Is the turning point of liquidity coming?


    Will do. Two major trends will run through 2017 and lead to a decrease in liquidity. First of all, market-based interest rates such as the yields of treasury bonds will continue to rise. Under the pressure of the renminbi exchange rate, the yields of Chinese government bonds need to maintain a certain spread with the yields of U.S. Treasuries in order to reduce the pressure of further capital outflows. In fact, after 2012, the spreads between China and the United States have been maintained at a very high level. Within a tight range, the U.S. Treasury bond yields are likely to continue to rise in 2017, adding to the pressure of rising market-based interest rates in China. On the other hand, in the face of exchange rate pressure, asset bubbles, and insufficient financing demand in the real economy, the central bank will have to implement a tighter policy. Institutions may reduce leverage throughout the year, which will also have an impact on interest rates.

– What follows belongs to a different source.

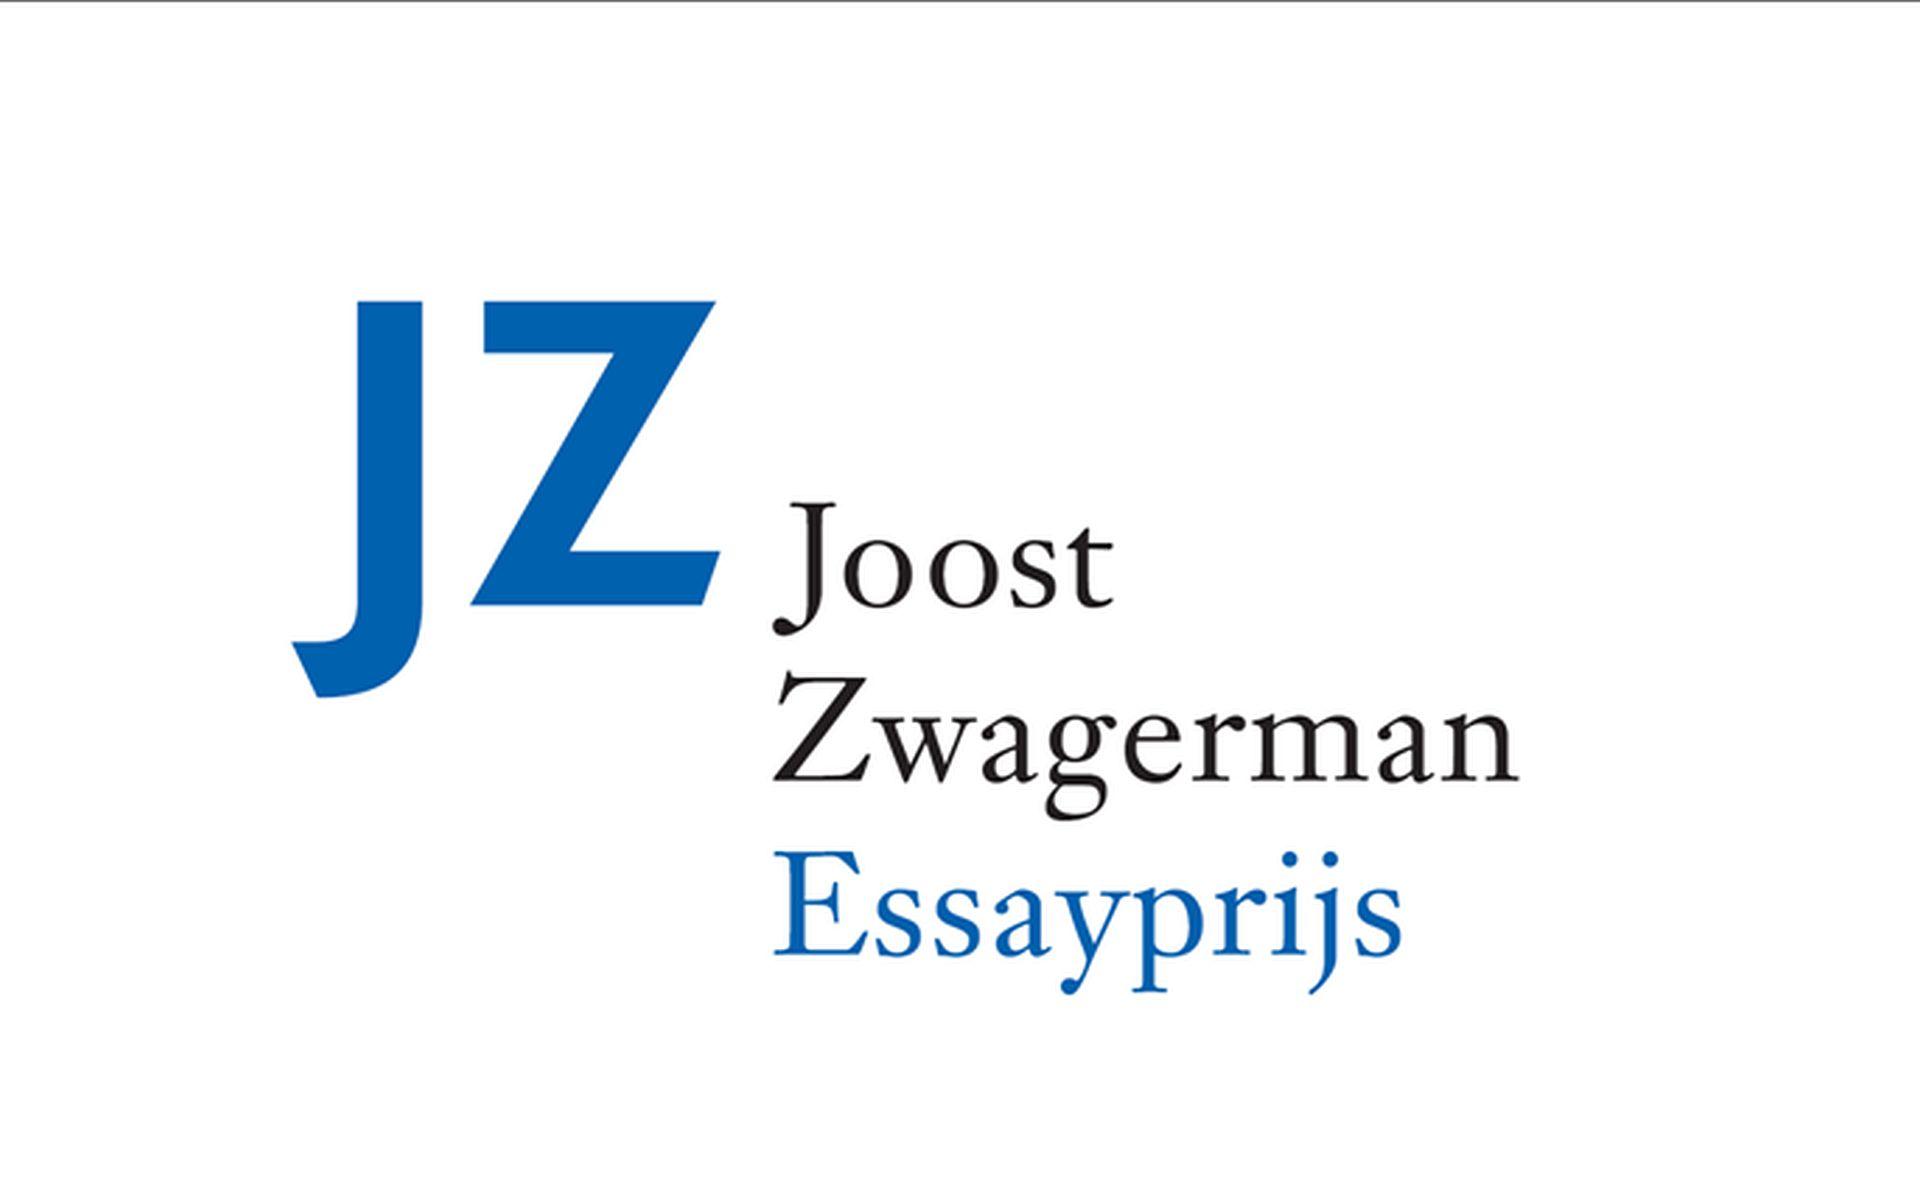 essay joost zwagerman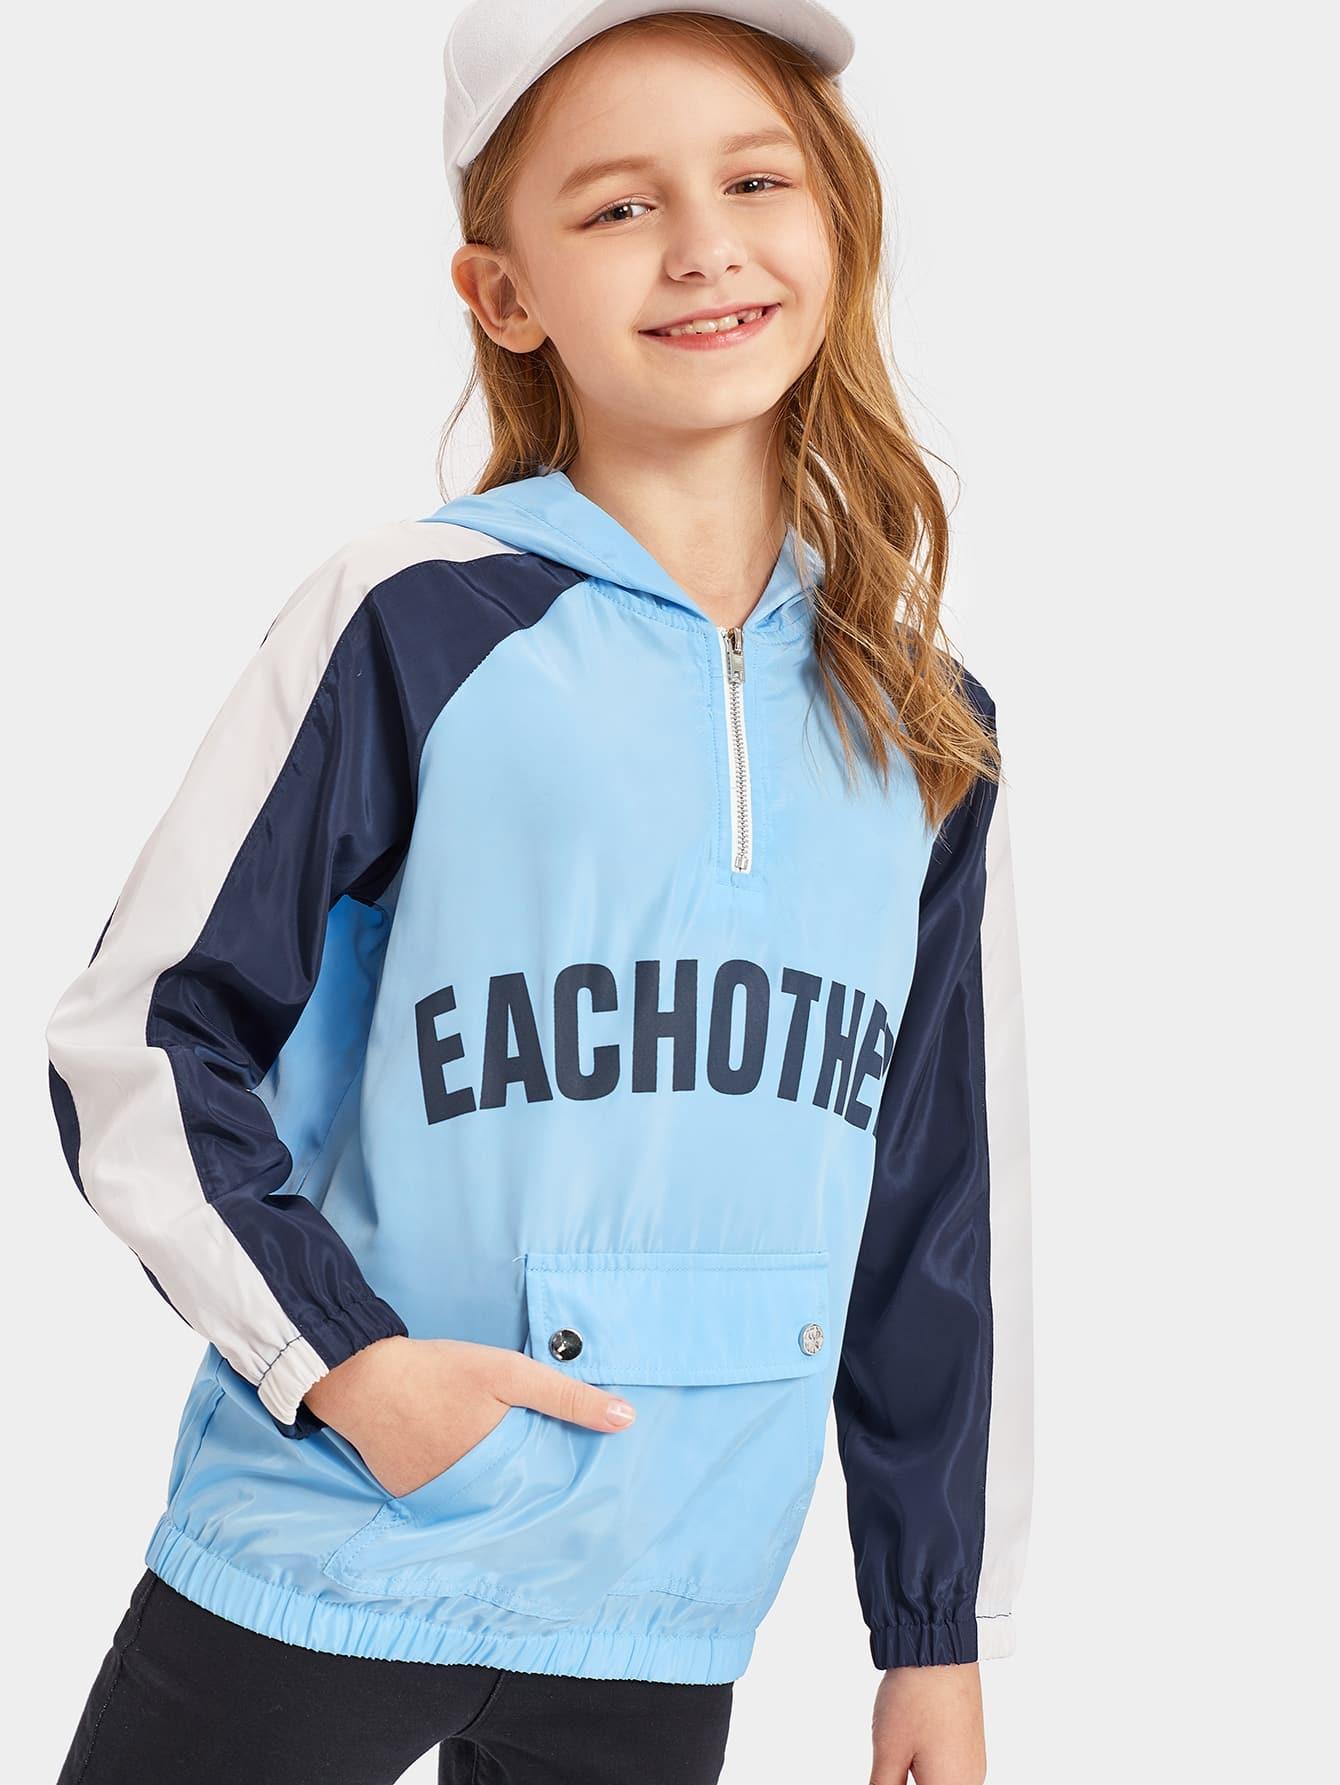 Контрастная куртка на молнии с капюшоном и рукавом-регланом для девочек, Sashab, SheIn  - купить со скидкой

Second, the credit demand of the real economy may continue to decrease. The main contributor to credit demand in 2016-household mortgages-will be reduced, and the gap cannot be offset by manufacturing and infrastructure credit. The increase in interest rates and the reduction in credit creation, the result of the two combined forces, is the end of China's liquidity feast. In place of the shortage of assets, the shortage of funds will be paid more and more attention, and the competitive disadvantages of small banks and other institutions will become more prominent.


Increased debt defaults?


    Will do. Although the upstream industries and many state-owned enterprises won profit inflection points through the increase in commodity prices in 2016, and reduced the pressure of debt default in these areas, this pressure has not disappeared, but has shifted to other areas. In a fundamental sense, China’s return on assets did not substantially improve in 2016. What we have observed is the redistribution of profits among different industries: upstream reaps profits from downstream industries through high prices. In an environment where interest rates are rising, financial institutions are reducing leverage, and liquidity is reversing, the balance sheets of a large number of uncompetitive zombie companies will continue to deteriorate and translate into higher debt default rates.


Further expansion of the fiscal deficit?


    Will do. In the context of the slowdown of private enterprise investment, manufacturing investment and real estate investment, the government will find itself to bear greater obligations. Whether it is to expand infrastructure or meet people's livelihood, it will require continuous and rapid expansion of government spending. According to our model predictions, fiscal expenditure growth in 2017 may not be lower than 2016. At the same time, under the pressure of lower domestic demand and slower growth, especially the poor prospects of several major tax items, the growth rate of fiscal revenue may continue to drop to single digits. The fiscal deficit-even if defined by the government's narrowest caliber-will exceed the 3% red line. The issuance of treasury bonds will accelerate, which will also constitute one of the factors that oppress the rise in yields of treasury bonds.